First we visit the courtyard of the Durga Temple, or Monkey Temple. As its nickname implies, the outer area of the 18th-century, brick-red temple houses hundreds of cantankerous monkeys who become annoying enough to drive us out. We are not allowed inside the Durga Temple, nor are non-Hindus allowed inside the Vishwanath Temple, or Golden Temple, the most sacred in Varanasi. We view the temple, dedicated to Siva, from across the street, taking in the beauty of the gold-plated towers. We are allowed in the modern Tulsi Manas Temple, built in 1964, and sporting a mechanical man in a glass box singing prayers. The walls of the temple are engraved with the verses of Ram Charit Manas, a Hindi take on the famed Indian legend Ramayana. More majestic is the Sree Vishwanath Temple at Benares Hindu University. Verses from Hindu scriptures line the walls, sending messages about living life with a peaceful mind.
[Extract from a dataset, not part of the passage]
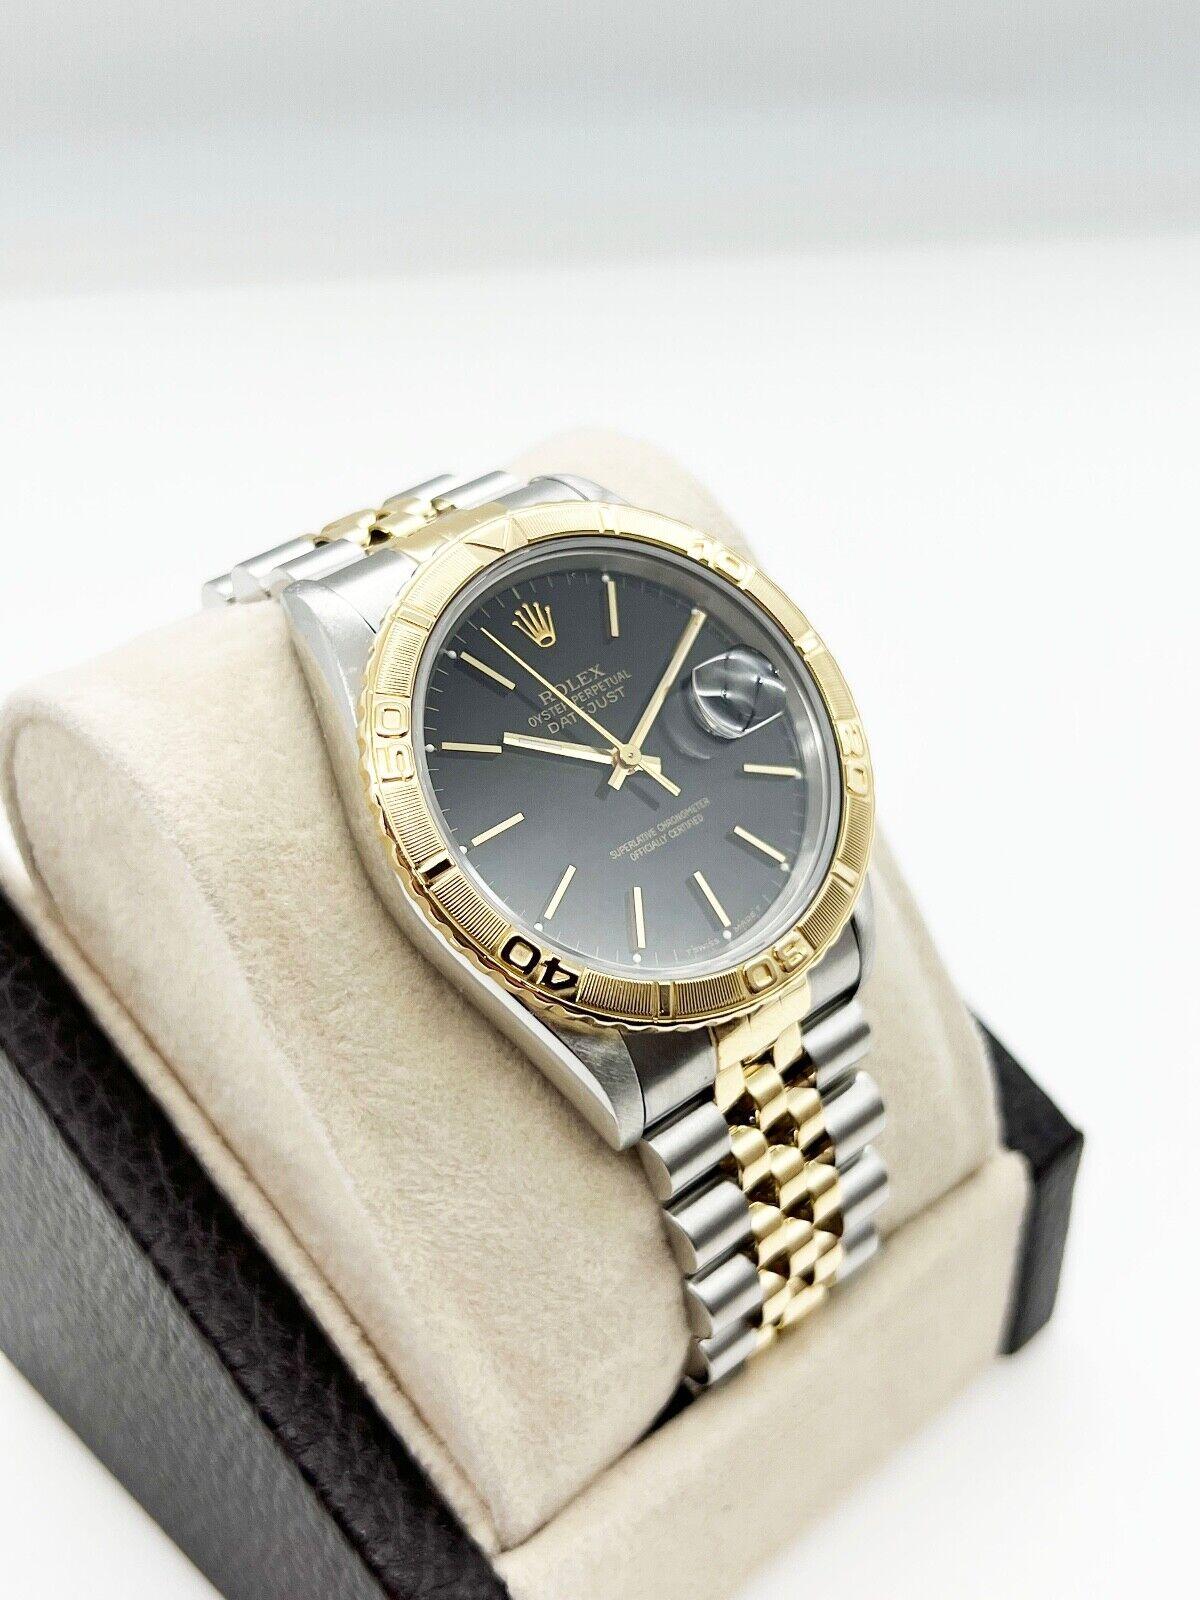 Datejust 16263 Turn-O -Graph Black Dial 18K Yellow Gold & Stainless Steel In Good Condition For Sale In San Diego, CA
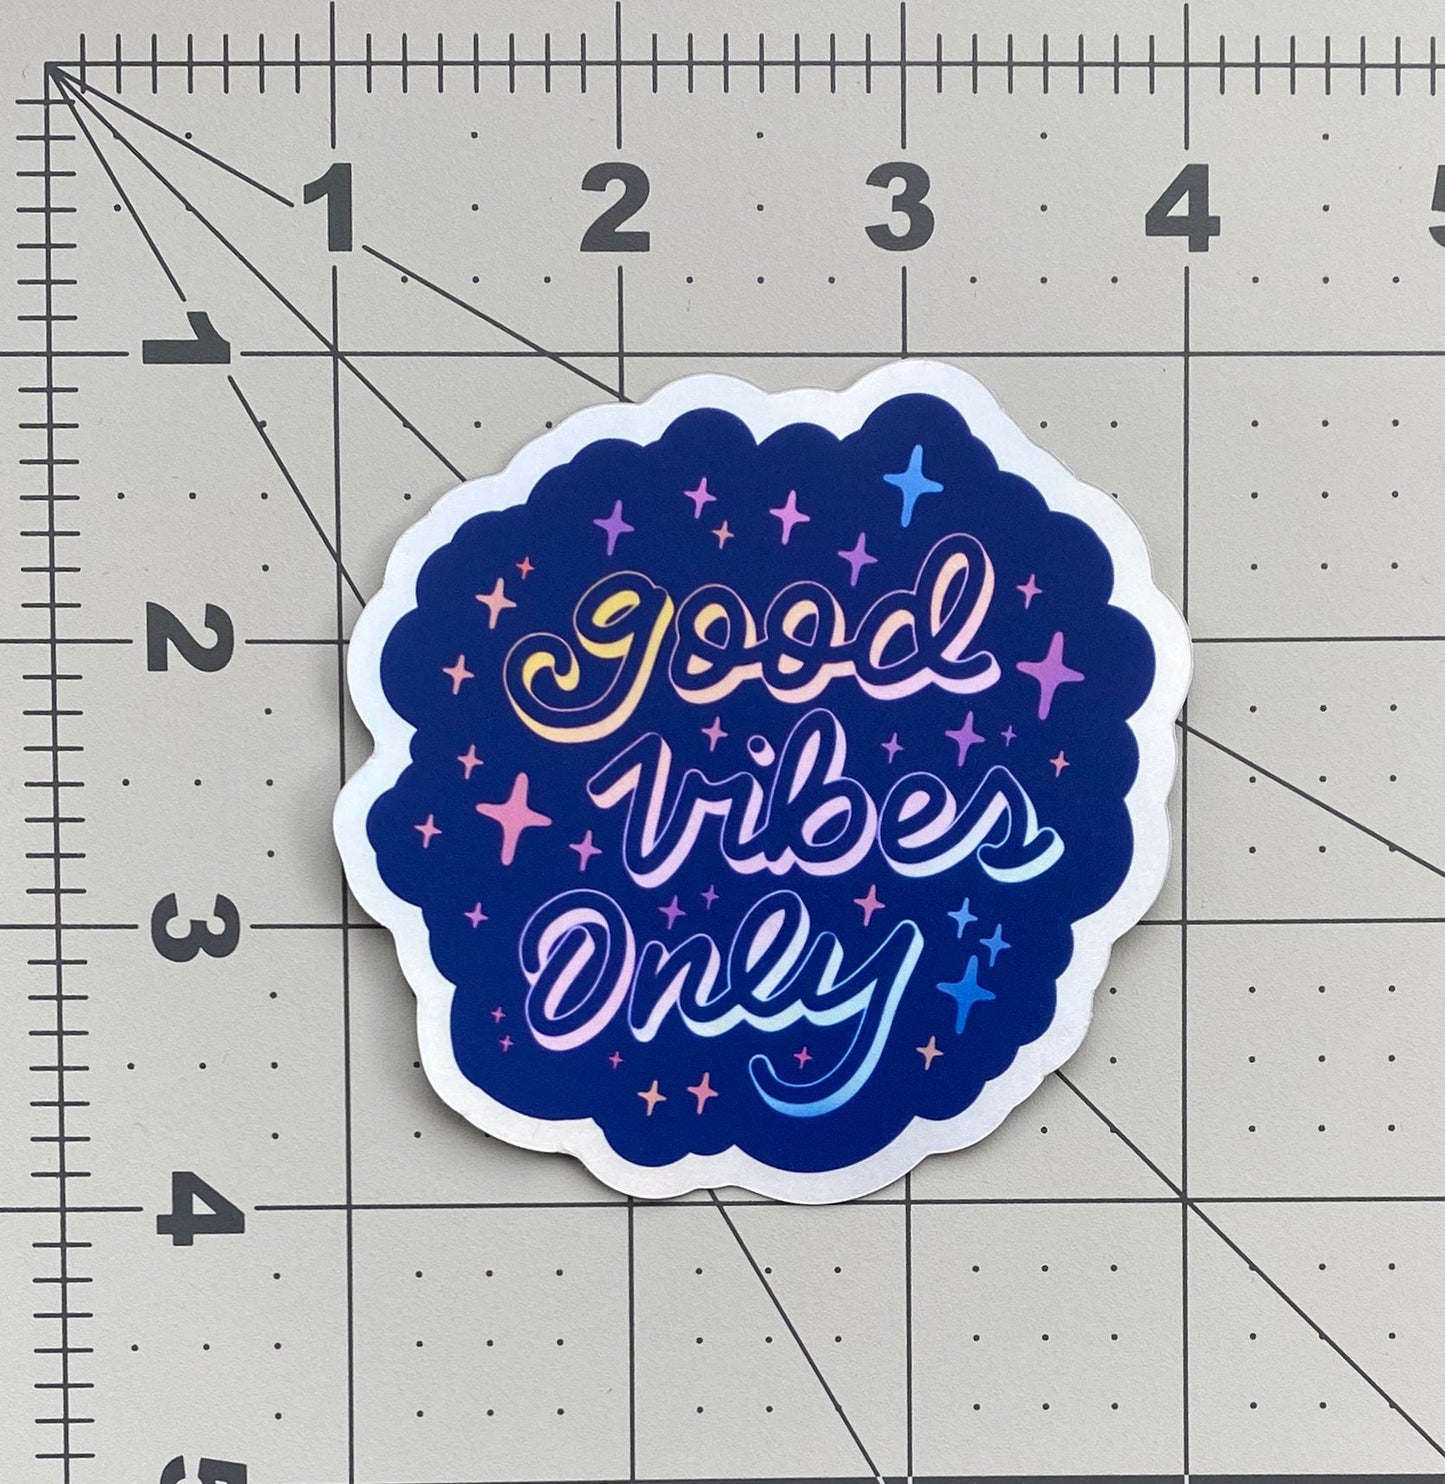 A blue holographic sticker with the words "good vibes only" written in calligraphy and surrounded by rainbow sparkles. The stickers sits on a ruled background to show size.

Rajindra prepares to take us to our lodge, but I really want to return to the burning ghat to watch a cremation. Rajindra drops us off there before dusk. As we walk along the ghat, a self-appointed guide tells us the ritual behind the burning. First bodies are carried through the narrow alleys of the city of Varanasi to the Ganges on a bamboo stretcher covered in cloth. He says the rich pay for bodies to be burned by high-quality sandalwood and that ritual calls for a relative to wash the mouth of the dead out with water from the Ganges before burning.

While cremations are taking place, we can't help but notice people going on about their business all around us. We nearly get tangled in string by kids flying paper kites, while men sit and chat with one another. Nearby, we find a sadhu, holy man, sitting near Manikarnika Well, where legend says Parvati dropped an earring and Siva dug the area of the tank to get it back.

The spot is almost meditative, especially compared with the chaos on the streets of Varanasi. I feel a sense of equilibrium, as if the ebb and flow of life and death has struck a delicate balance here.